SOURCE MATERIAL
___

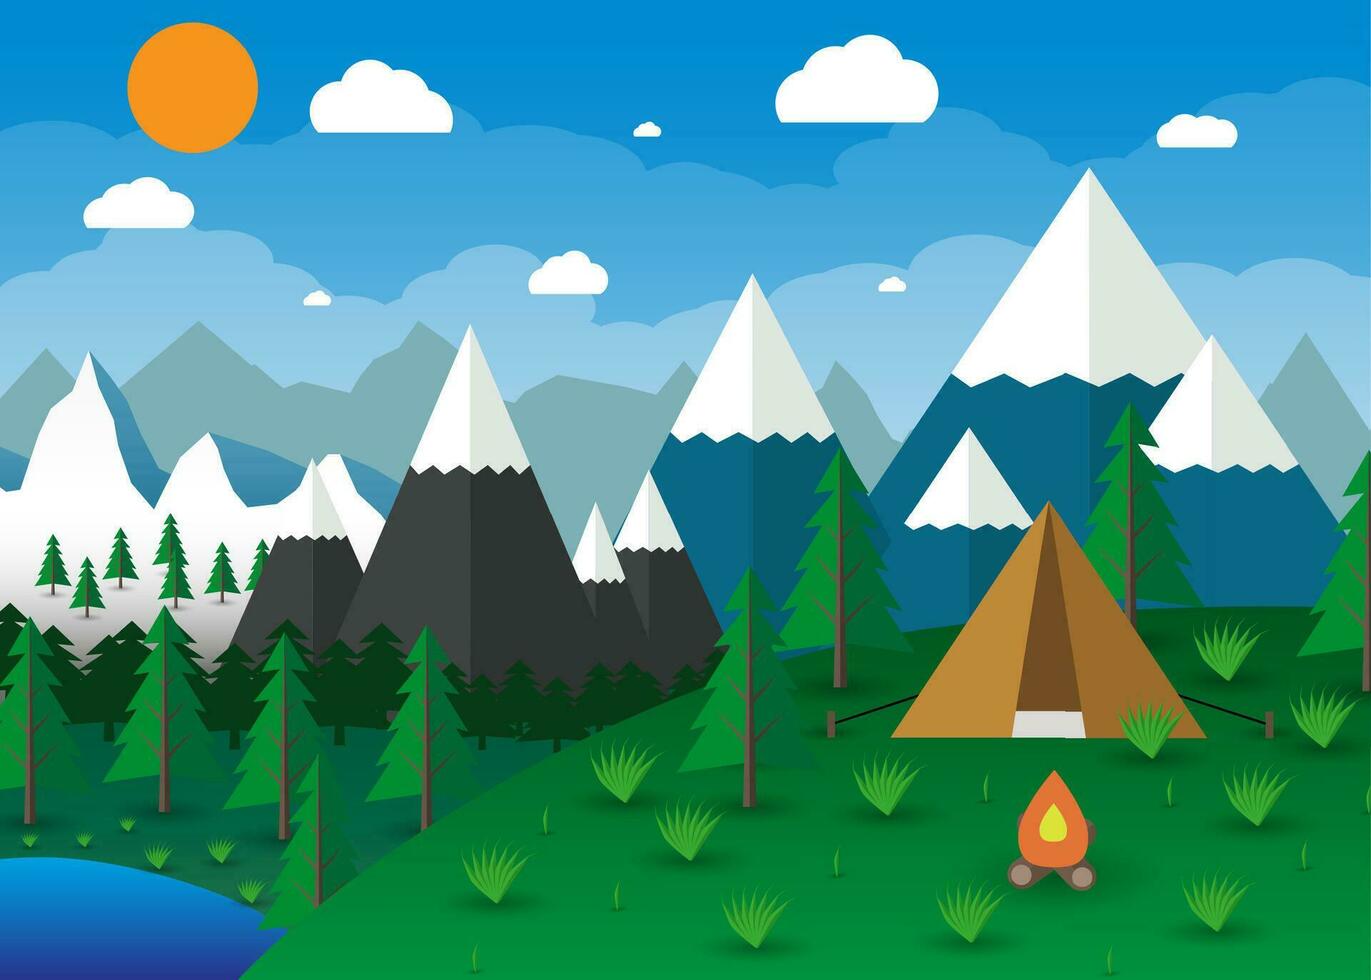 zomer camping met een kampvuur, meer, Woud, bergen, lucht, wolken, zon. reizen en vakantie concept. vector illustratie in vlak ontwerp
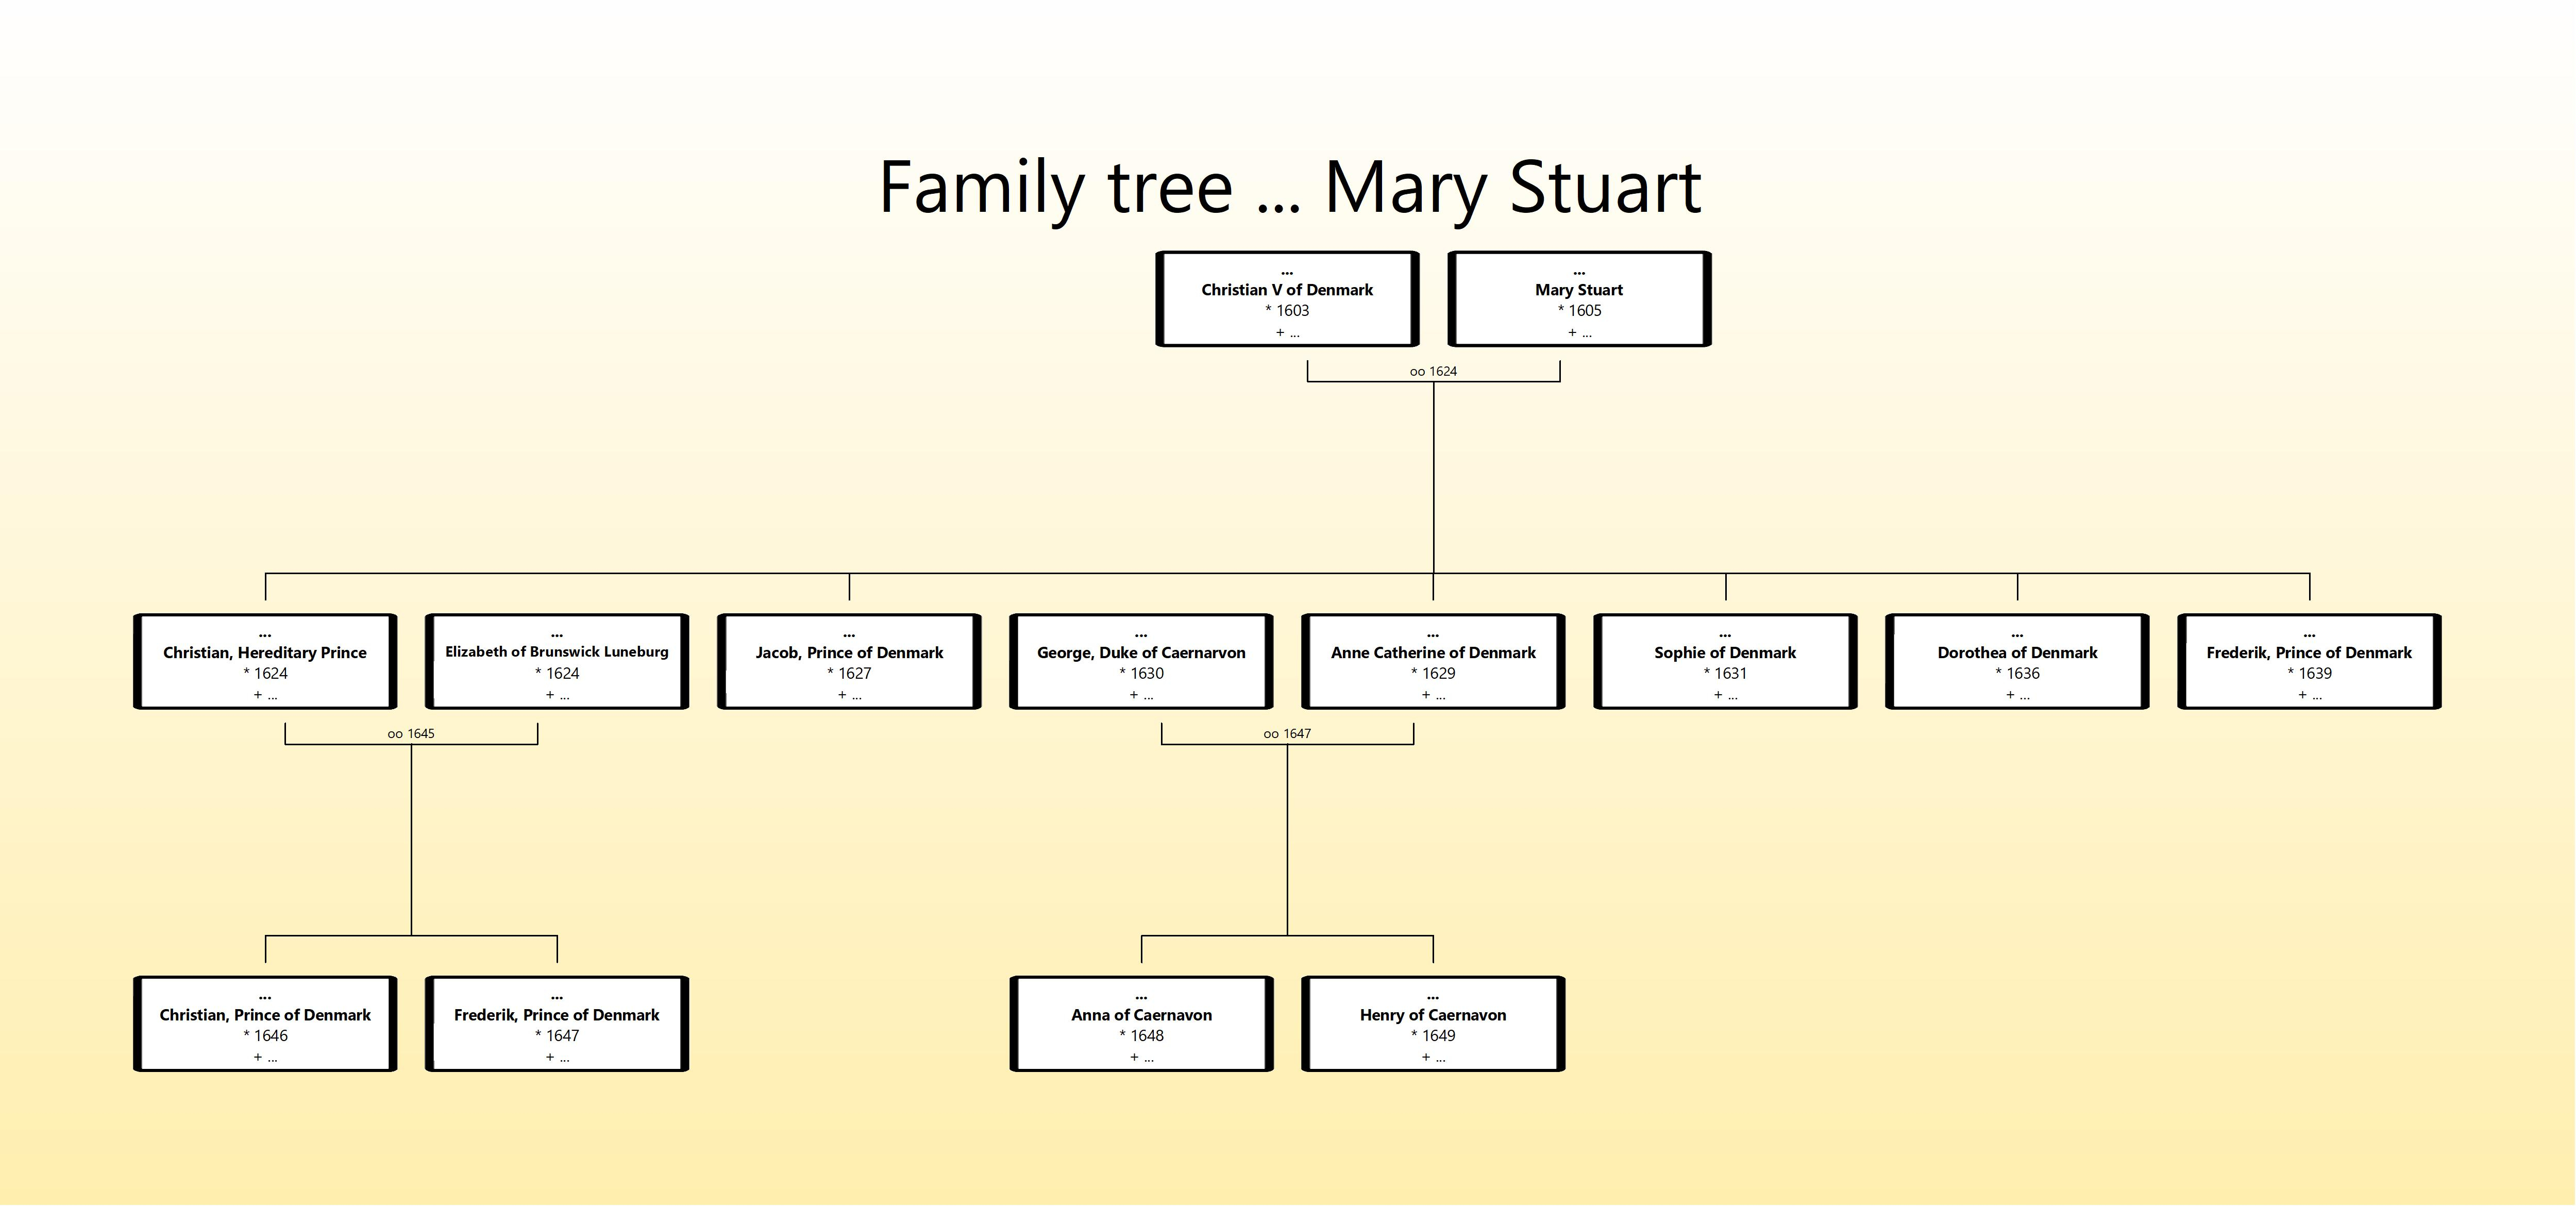 Mary Stuart family tree.jpg
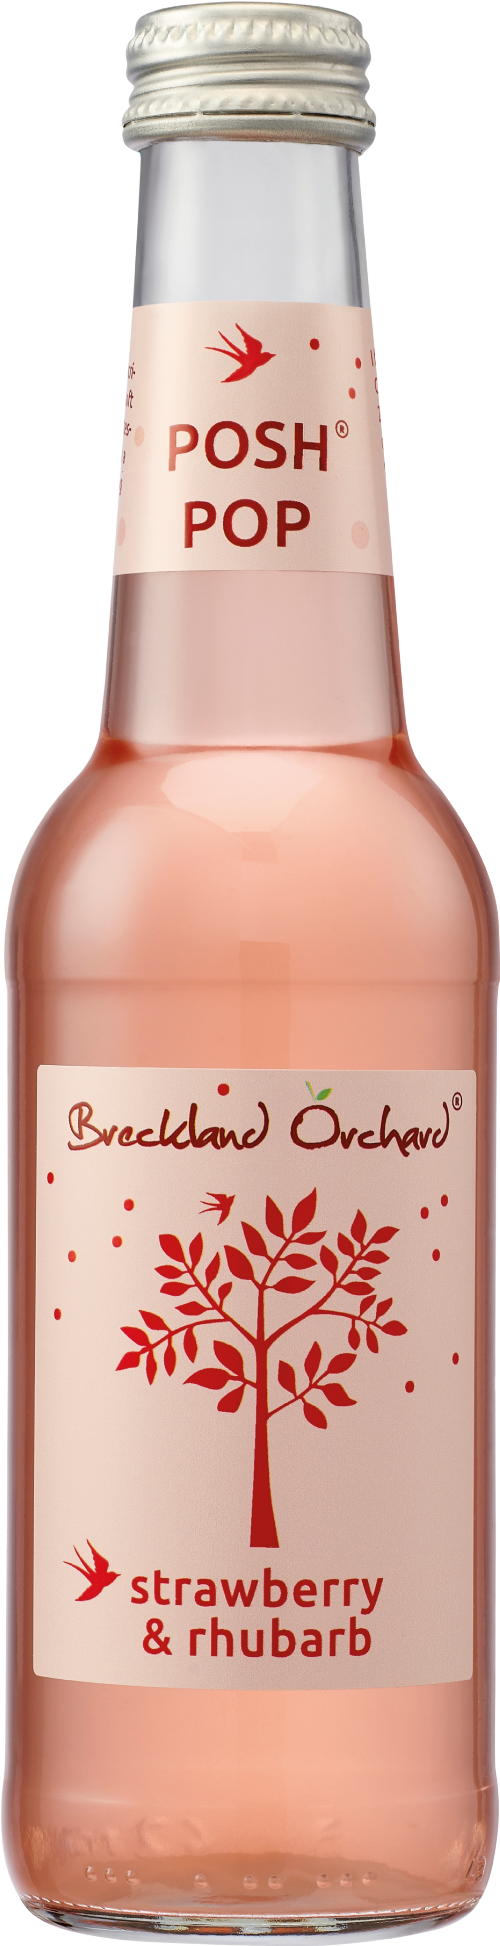 BRECKLAND ORCHARD Posh Pop - Strawberry & Rhubarb 275ml
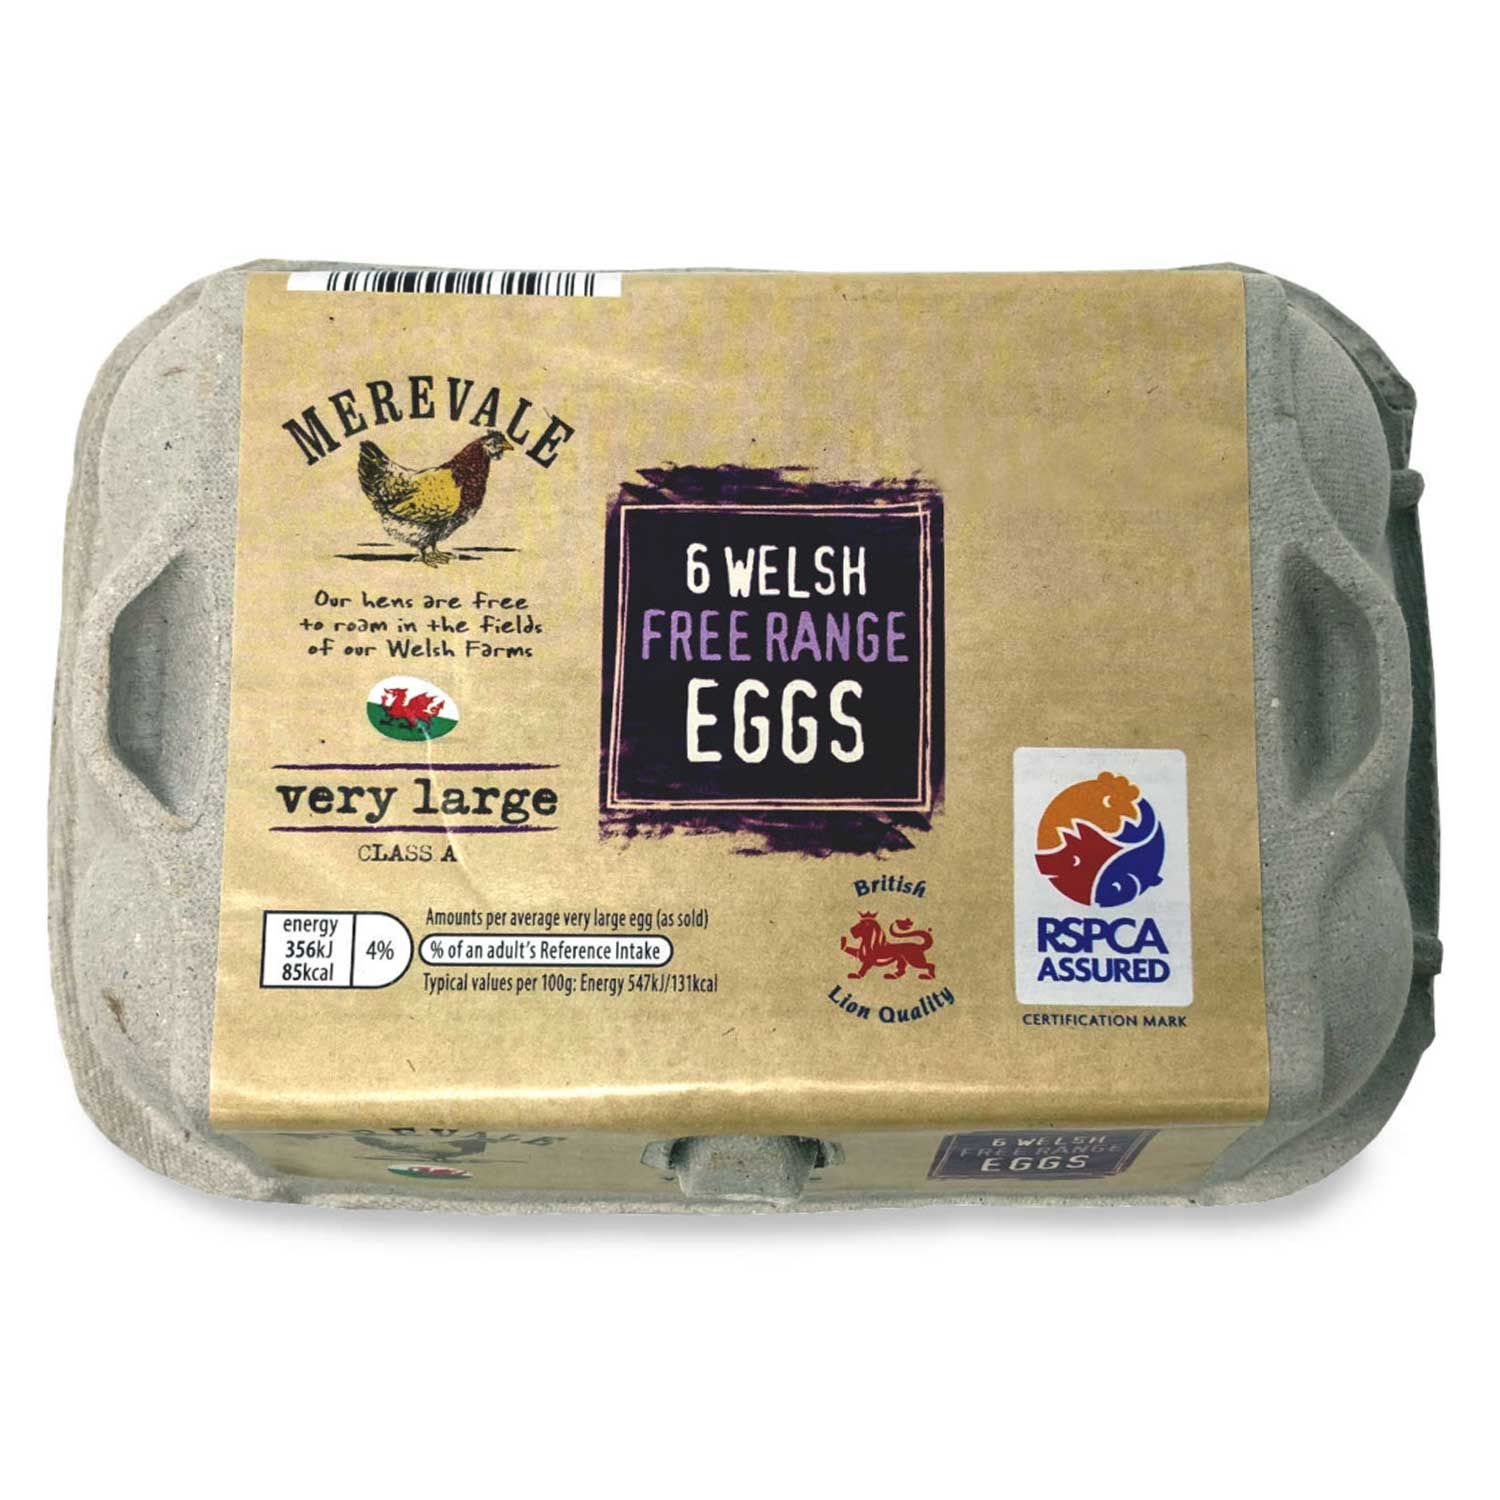 Merevale Very Large Welsh Free Range Eggs 6 Pack

___

All of the data needs repeating exactly, but the pictures do not.

WRITTEN RESPONSE
 zomer camping met een kampvuur, meer, Woud, bergen, lucht, wolken, zon. reizen en vakantie concept. vector illustratie in vlak ontwerp
 Mary Stuart family tree.jpg
 BRECKLAND ORCHARD Posh Pop - Strawberry & Rhubarb 275ml
 Merevale Very Large Welsh Free Range Eggs 6 Pack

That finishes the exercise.